Each line of the listing, apart from the pictures, is to be printed exactly.

● Collected material:

===

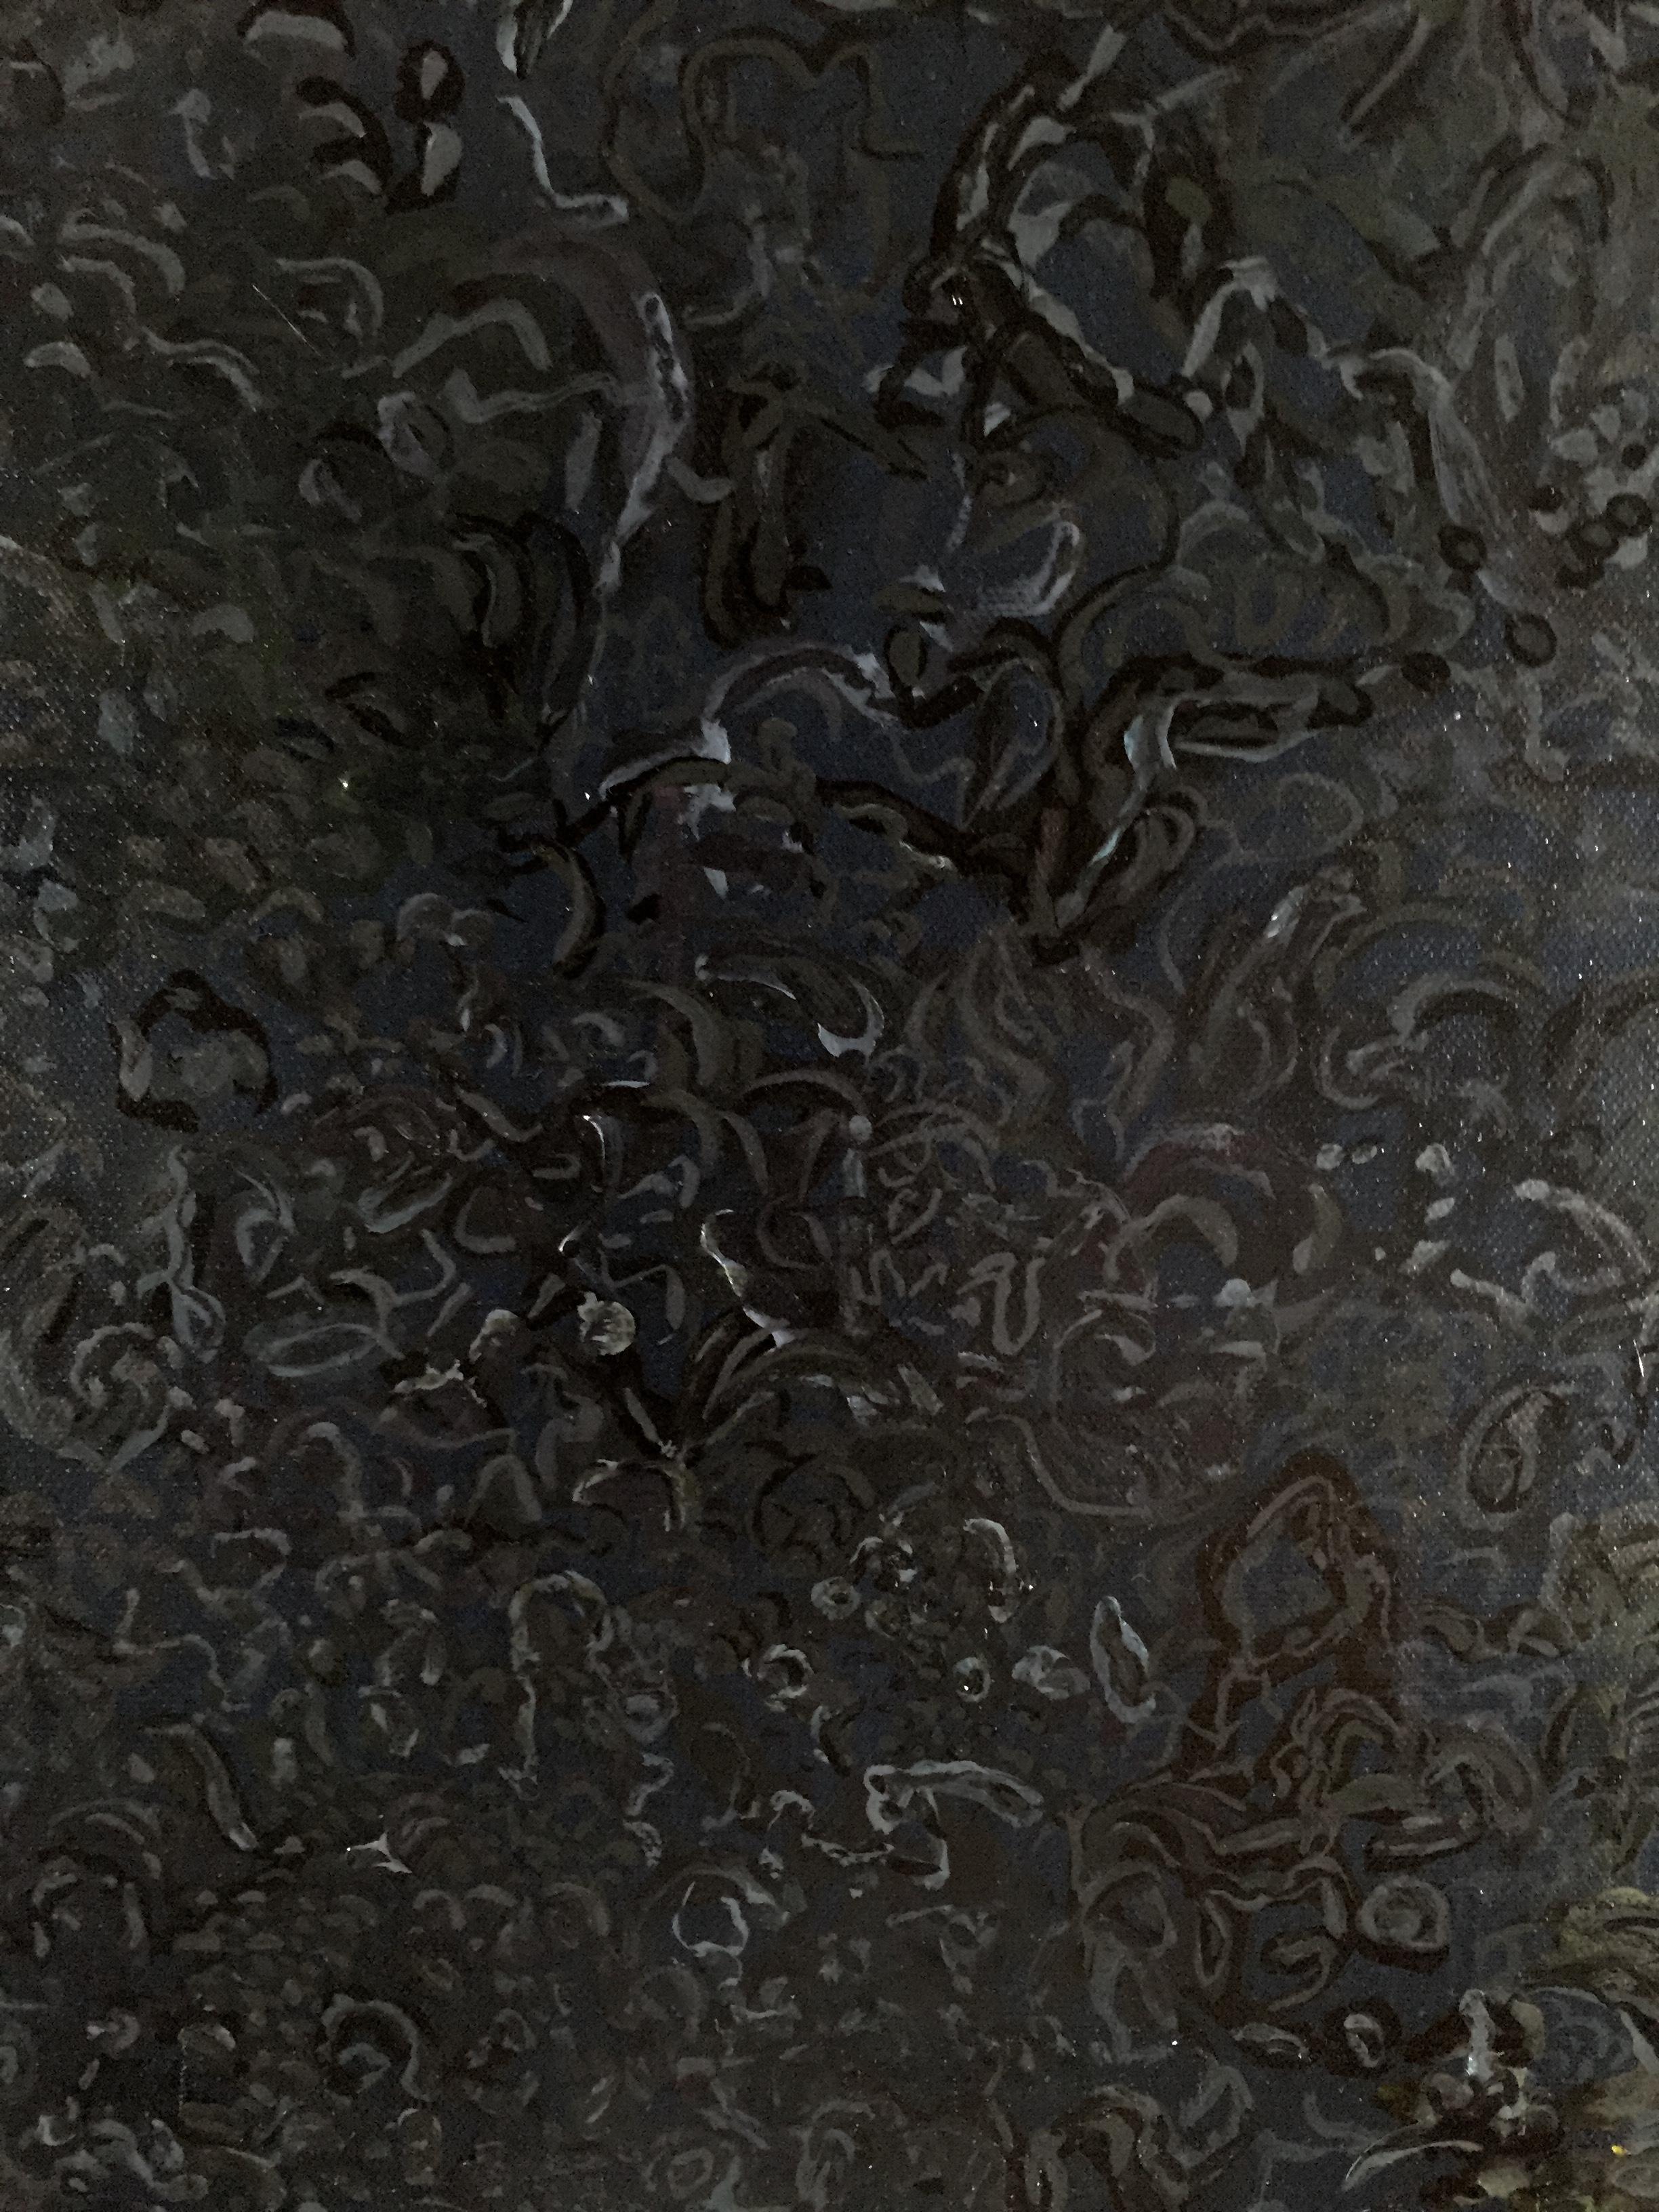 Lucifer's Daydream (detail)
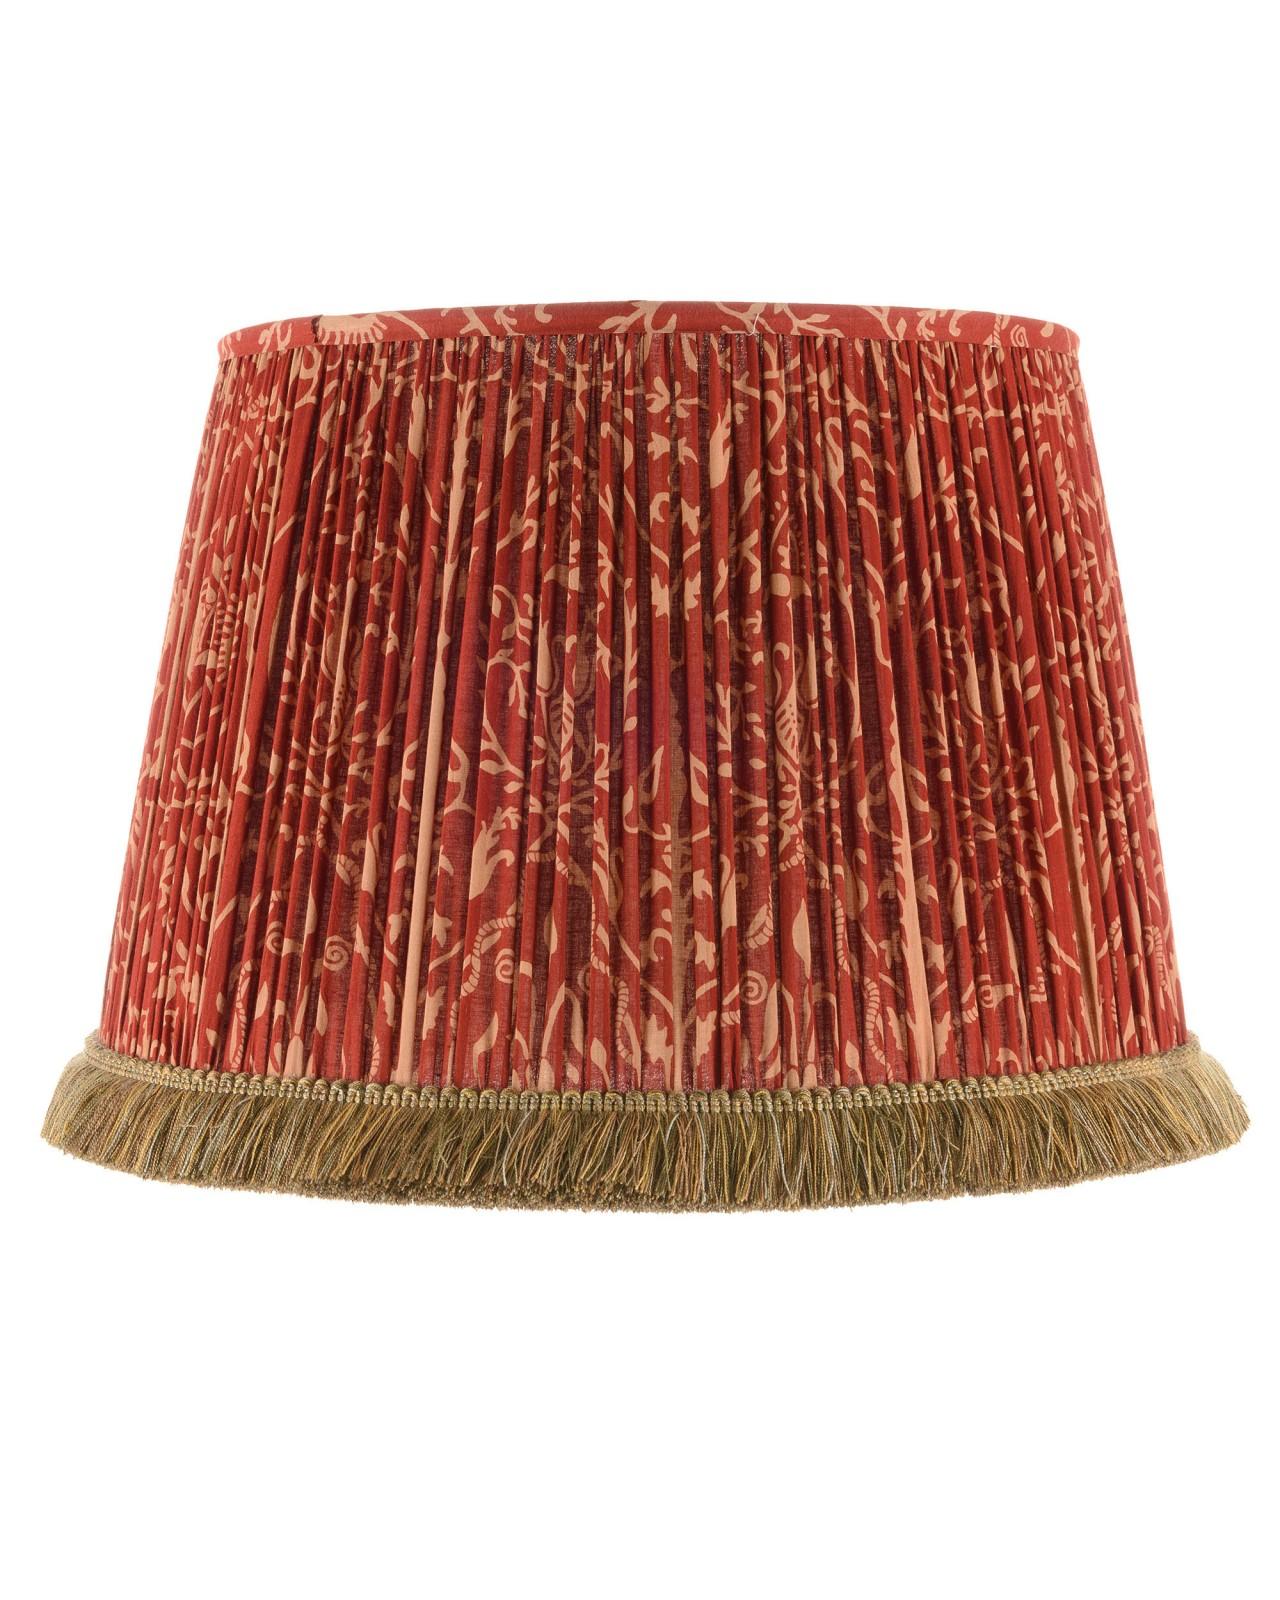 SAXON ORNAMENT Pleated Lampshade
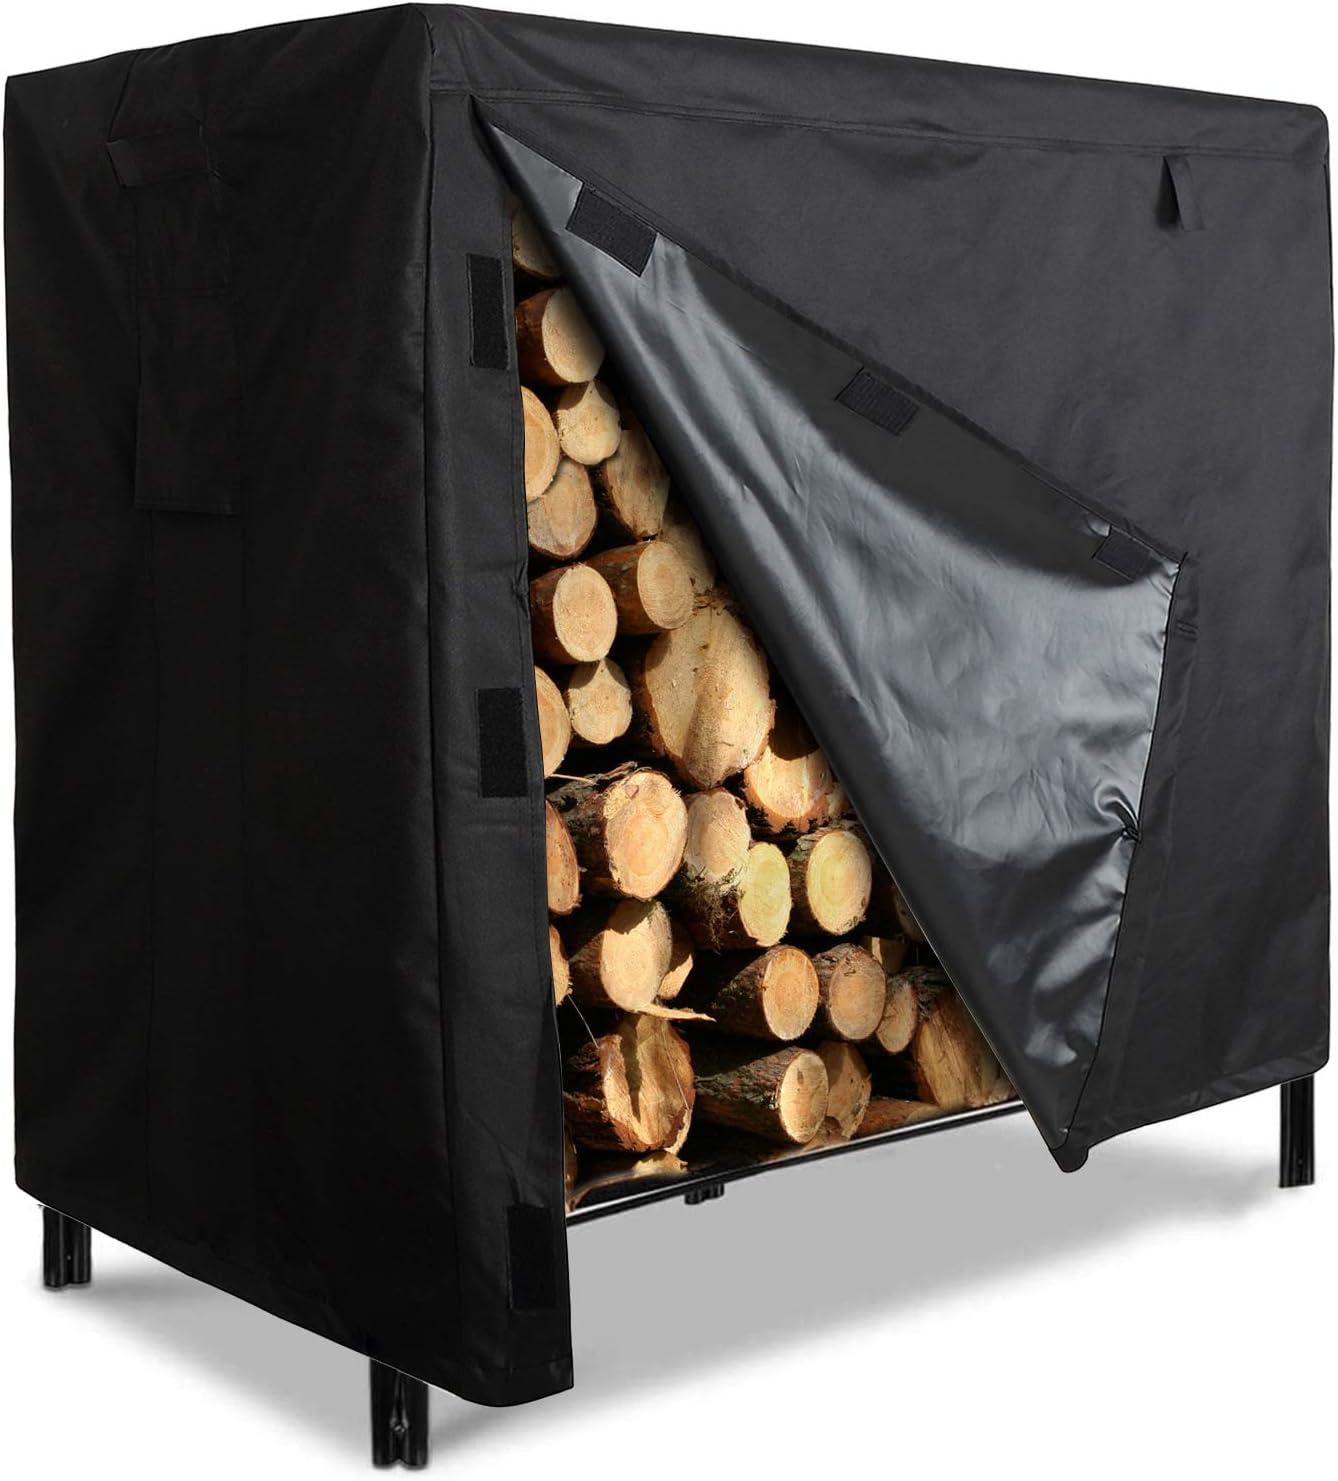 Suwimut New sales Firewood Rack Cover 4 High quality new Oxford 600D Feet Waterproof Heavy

===

● Task result:
 Lucifer's Daydream (detail)
 SAXON ORNAMENT Pleated Lampshade
 Suwimut New sales Firewood Rack Cover 4 High quality new Oxford 600D Feet Waterproof Heavy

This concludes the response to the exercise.